(Assigned task)
Only the text belongs in the copy. Transcribe the data exactly and drop any pictures.

(Supplied material)
——

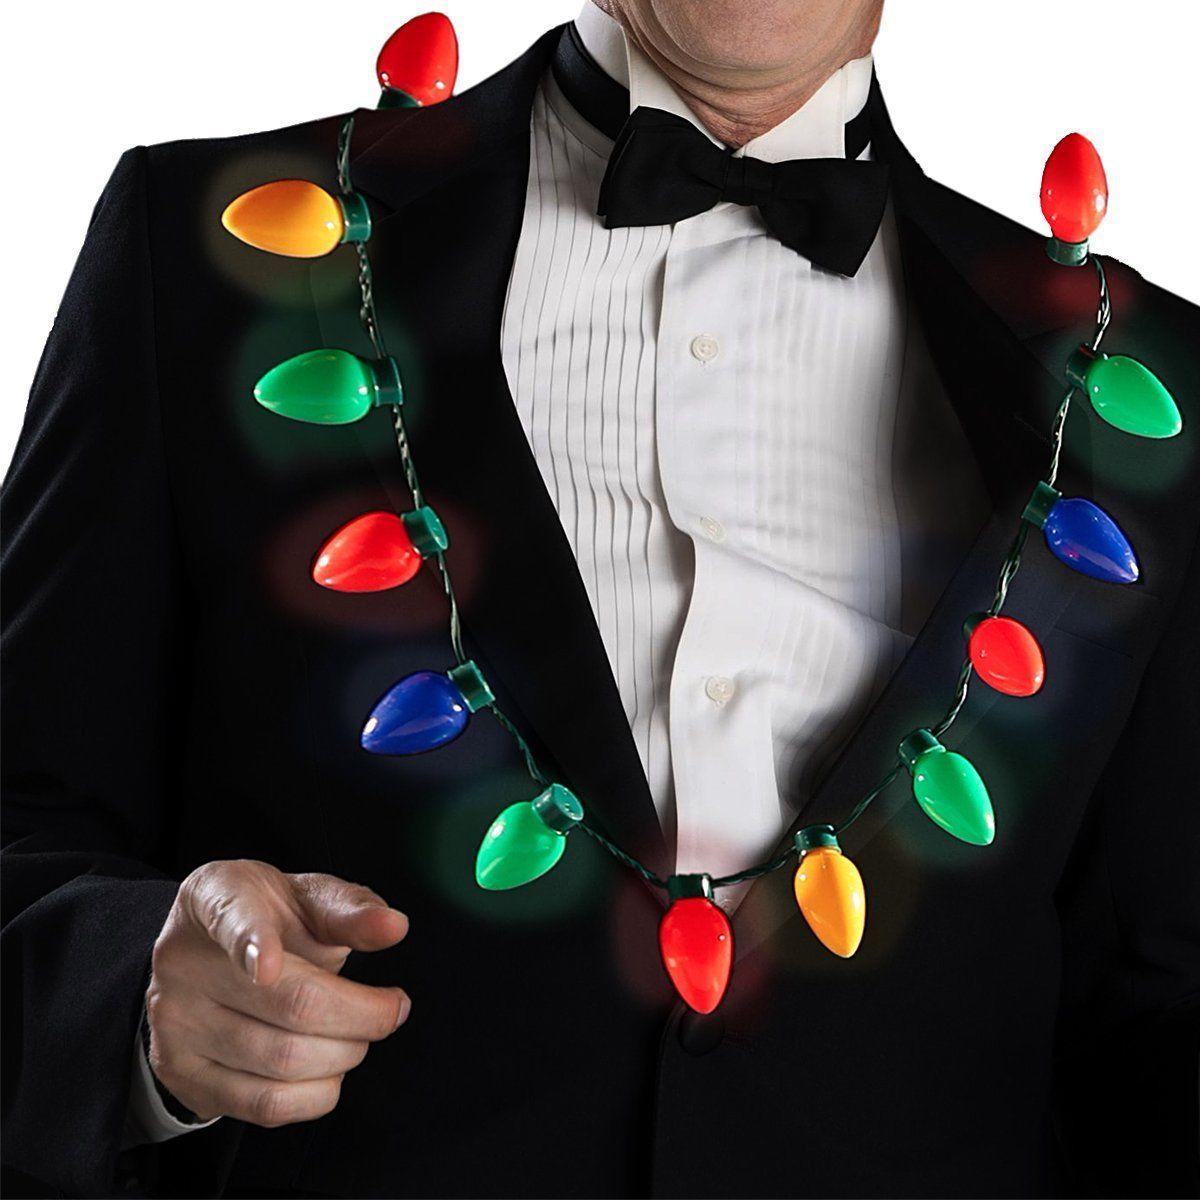 3 flashing modes gentle glow flashing quick bright flashing quicker keep lighting - Light Up Christmas Tie
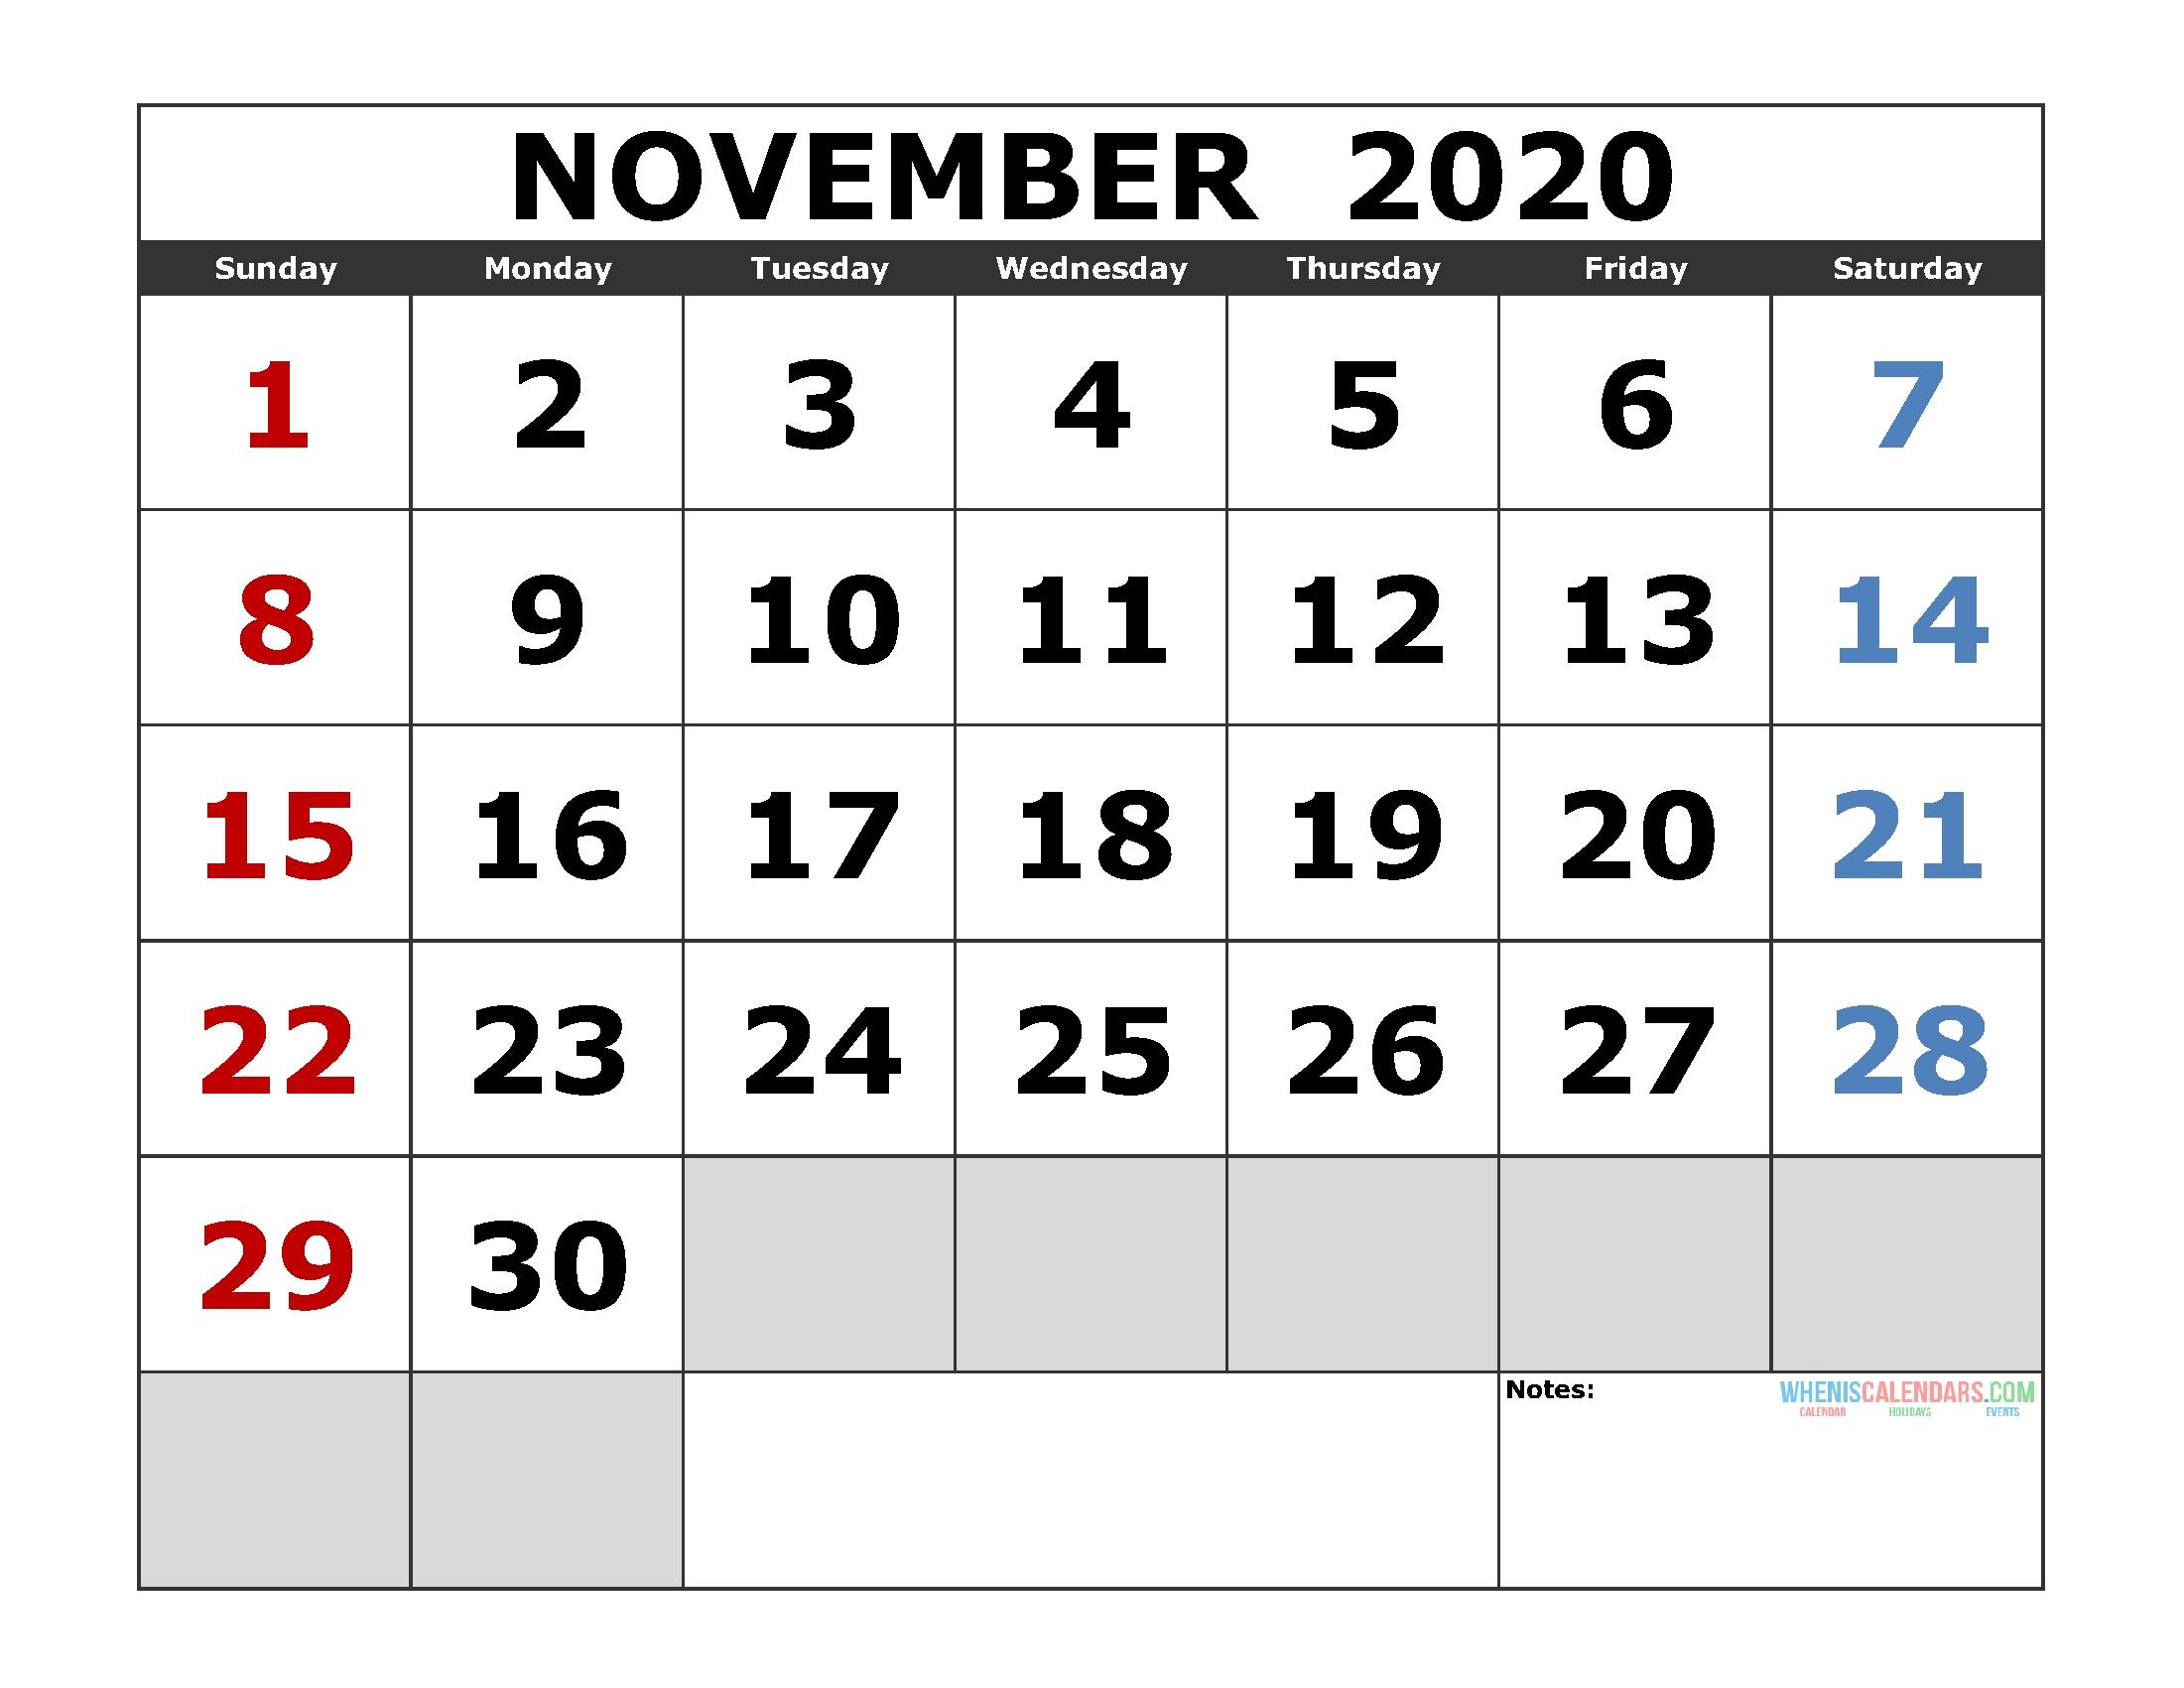 November 2020 Printable Calendar Template Excel, Pdf, Image-2020 Jewish Holidays Printable Calendar
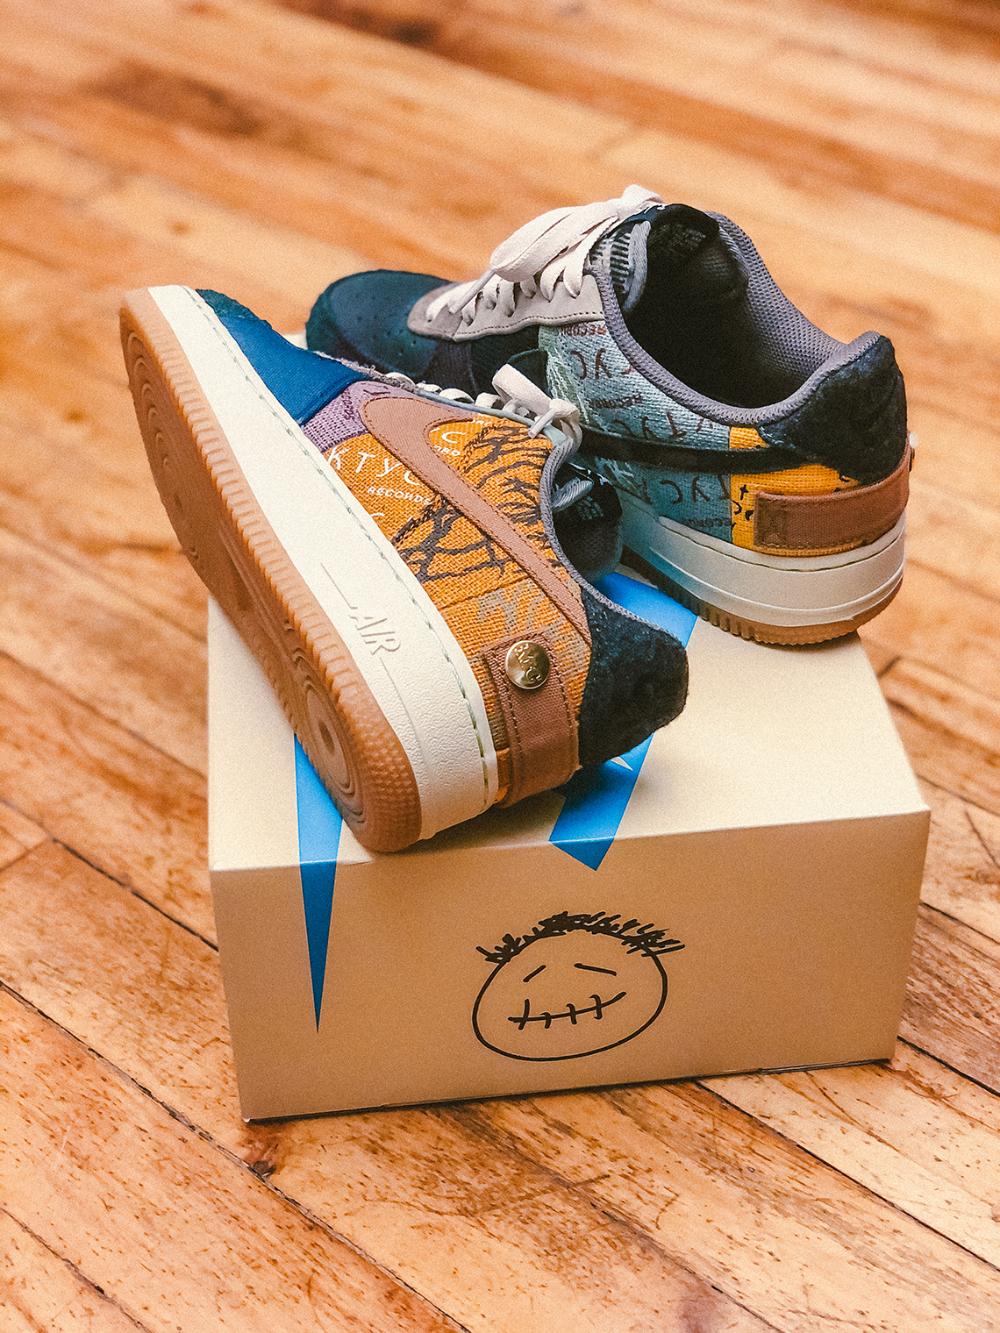 Travis Scott Air Force 1 Shoes Release Date

——

(Solved exercise)
 3 flashing modes gentle glow flashing quick bright flashing quicker keep lighting - Light Up Christmas Tie
 November 2020 Printable Calendar Template Excel, Pdf, Image-2020 Jewish Holidays Printable Calendar
 Travis Scott Air Force 1 Shoes Release Date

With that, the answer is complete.